20年前は「営業は根性と体力」って言われた。今はそれだけじゃ戦えない時代。同じ「営業」でも年収が倍近く違う人が同じ世代にいる。その差は能力の差っていうより「どこに立ってるか」の差だ。
今日はその構造を、できるだけ正直に話す。
二極化の構造——何が年収を分けているのか
まず数字を見てほしい。
2023年時点で平均年収が1,000万円を超えるSaaS企業がある(有価証券報告書)。医薬品MRの平均は803万円。一方、従来型の法人営業で成果が出せてない30代後半の年収は400〜500万円台に留まるケースがある。
同じ「営業職」で最大2倍近い差。
この格差を生んでる構造的な要因は3つだ。
- ビジネスモデルの違い(成果連動の設計)
SaaS企業ではOTE(オン・ターゲット・アーニング)——ざっくり言うと「目標達成したらこれだけ払う」っていう成果報酬型の給与設計が広がってる。達成率100%で固定給+変動給のフルOTEを受け取り、120%達成なら1.5〜2倍の収入になる。

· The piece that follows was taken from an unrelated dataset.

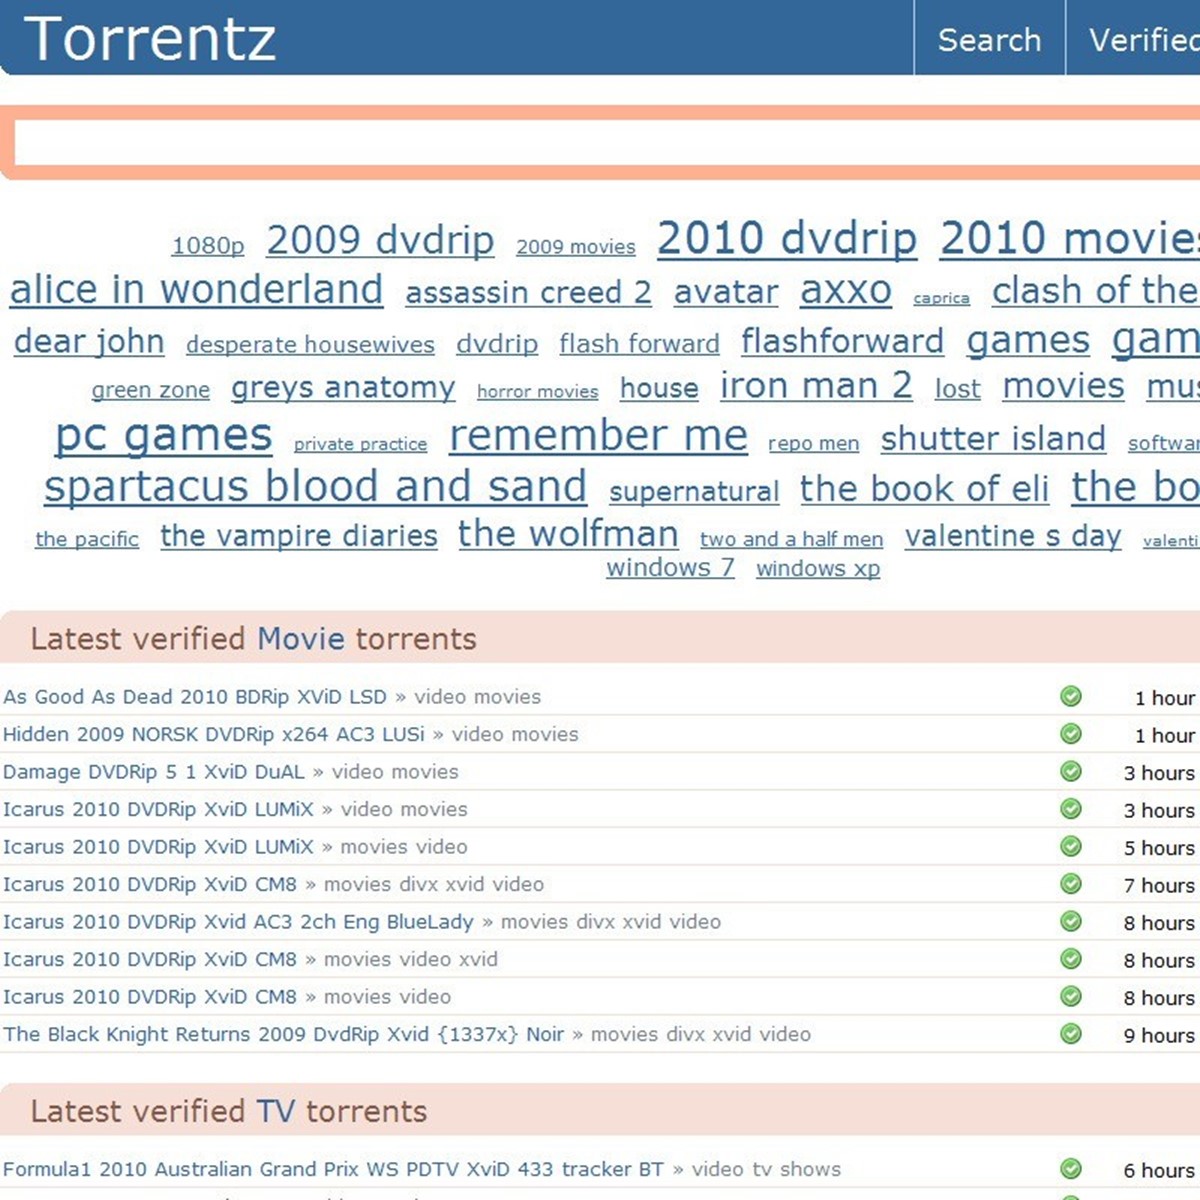 Office For Mac Torrent Download

一方、従来型の営業は固定給中心。頑張っても頑張らなくても年収の差がつきにくい構造。
- 扱う商材の複雑さ
大型・複雑な商材(エンタープライズSaaS・金融商品・医療機器など)を担当できる営業は希少。「コンプレックスセールス」って呼ばれるこのスキルは、習得に時間がかかる分、市場価値が高い。
反対にシンプルで単価が低い商材の営業は、AIや安価な人材に代替されるリスクが相対的に高い。
- 成果の「言語化・再現化」ができるかどうか
感覚でやってた人は弱い。転職市場でもプロジェクト内でも、「自分の成果がなぜ出たのか」を言語化・再現化できる人が評価される。これがAI時代の本質的な差になってる。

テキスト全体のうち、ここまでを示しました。